Potential neuroprotective effects of the antiepileptic drug (AED) topiramate (TPM) were evaluated using primary neuronal–astroglial cultures or astroglial-enriched cultures from newborn rats exposed to excitotoxic concentrations of glutamate (Glu) or kainate. Neurons expressed functional Glu receptors of the NMDA and AMPA/kainate types as evaluated by immunocytochemistry and Ca 2+ imaging. When Glu (10 mM) was added to 9–10-day cultures incubated with the fluorescent dye calcein/AM for 5 h, there was a marked cell loss in both culture types, but was more pronounced in the neuronal–astroglial cultures.

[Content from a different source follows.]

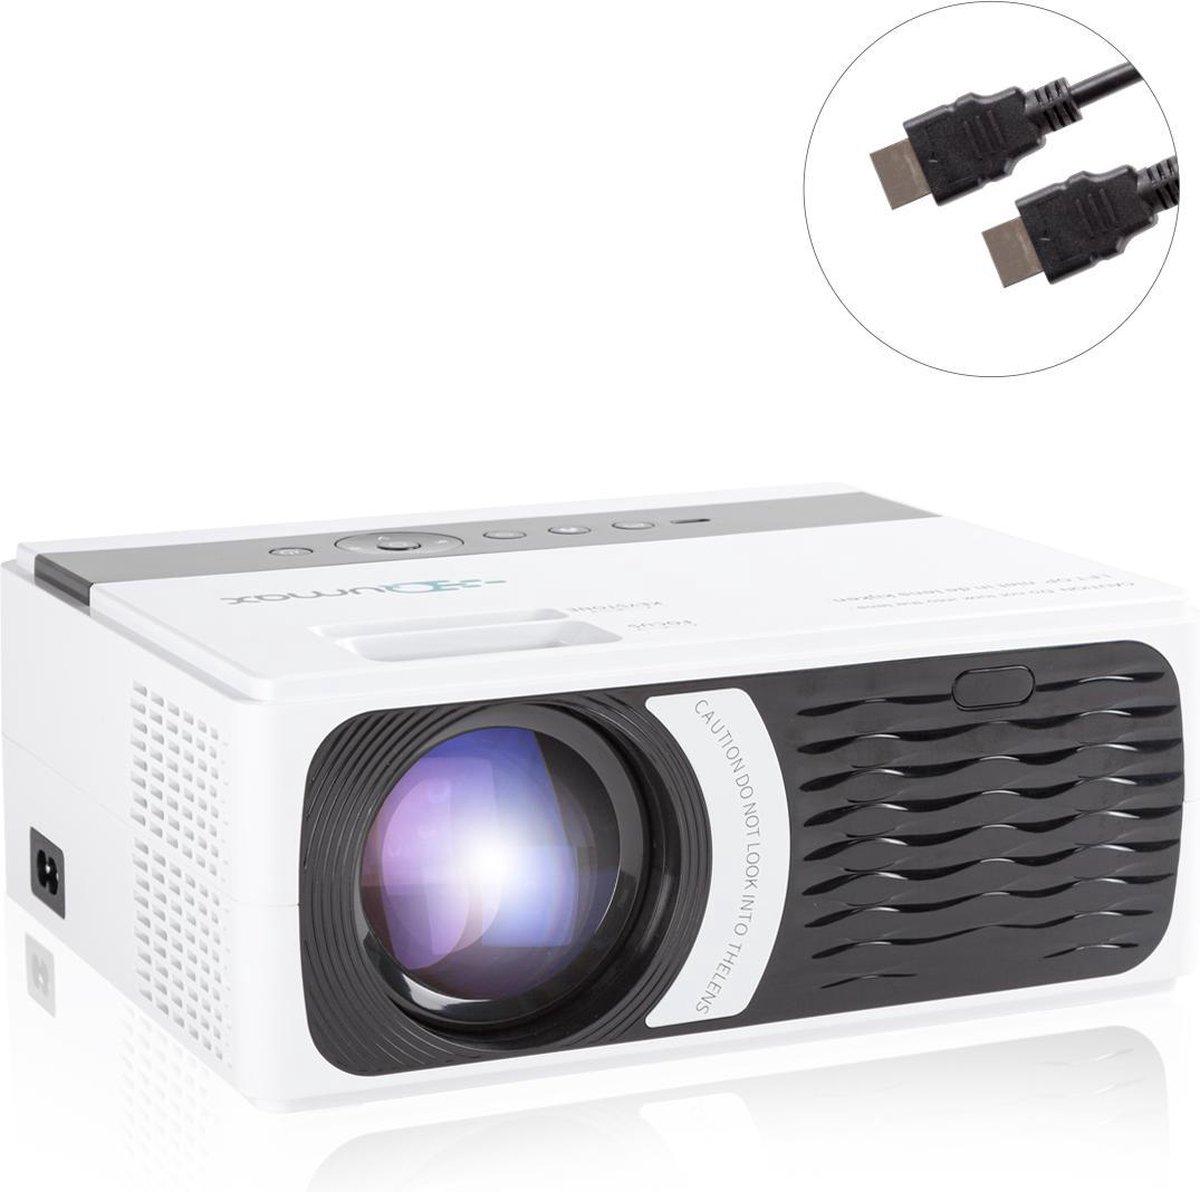 Qumax Pro Mini Beamer met HDMI kabel - Projector Beamer - 4000 lumen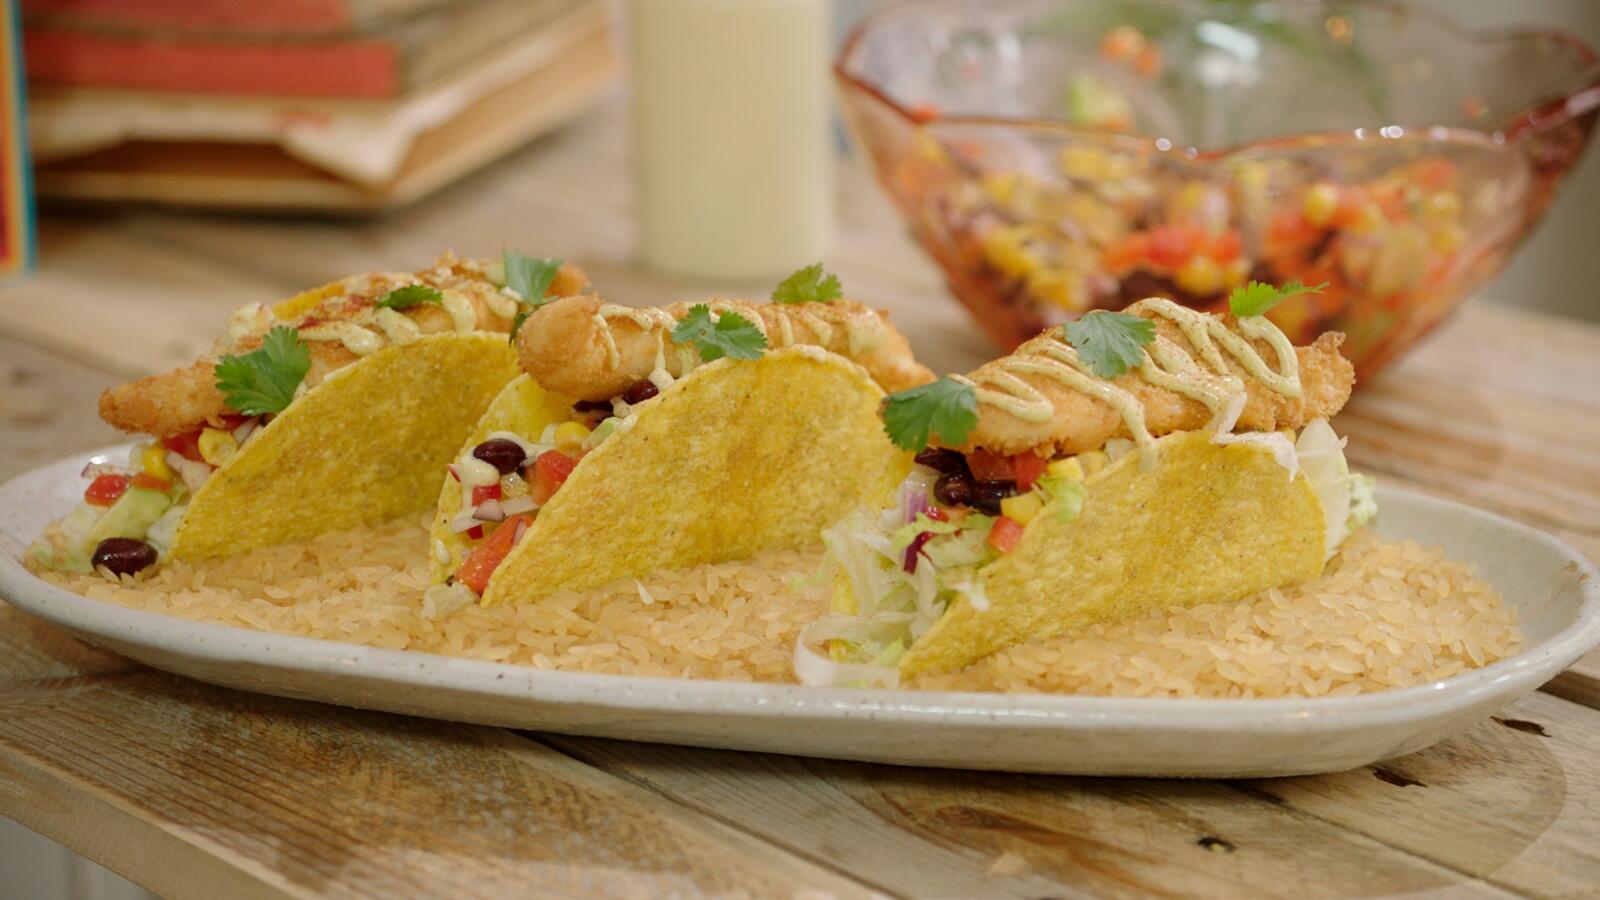 Taco met goujonettes van schartong, avocadomayonaise en Mexicaanse sla

When TPM (5–10 μM) was included in the medium together with Glu, the amount of surviving cells was significantly higher in the neuronal–astroglial cultures, but not in the astroglial-enriched cultures. Immuno-labeling of the cultures revealed an enhanced survival of MAP positive neuronal cells when TPM was included in the Glu containing medium. As TPM has a proven negative modulatory effect on kainate activated receptors, neuronal–astroglial cultures were further exposed to excitotoxic concentrations of kainate (100 μM) and analyzed immunohistochemically. Significantly more MAP positive neurons survived in the TPM containing medium and showed a morphology similar to untreated cells. Valproate and phenytoin were used as reference AEDs. In conclusion, our results demonstrate a protective effect of TPM upon neuronal cells in primary culture, exposed to excitotoxic levels of Glu or kainate.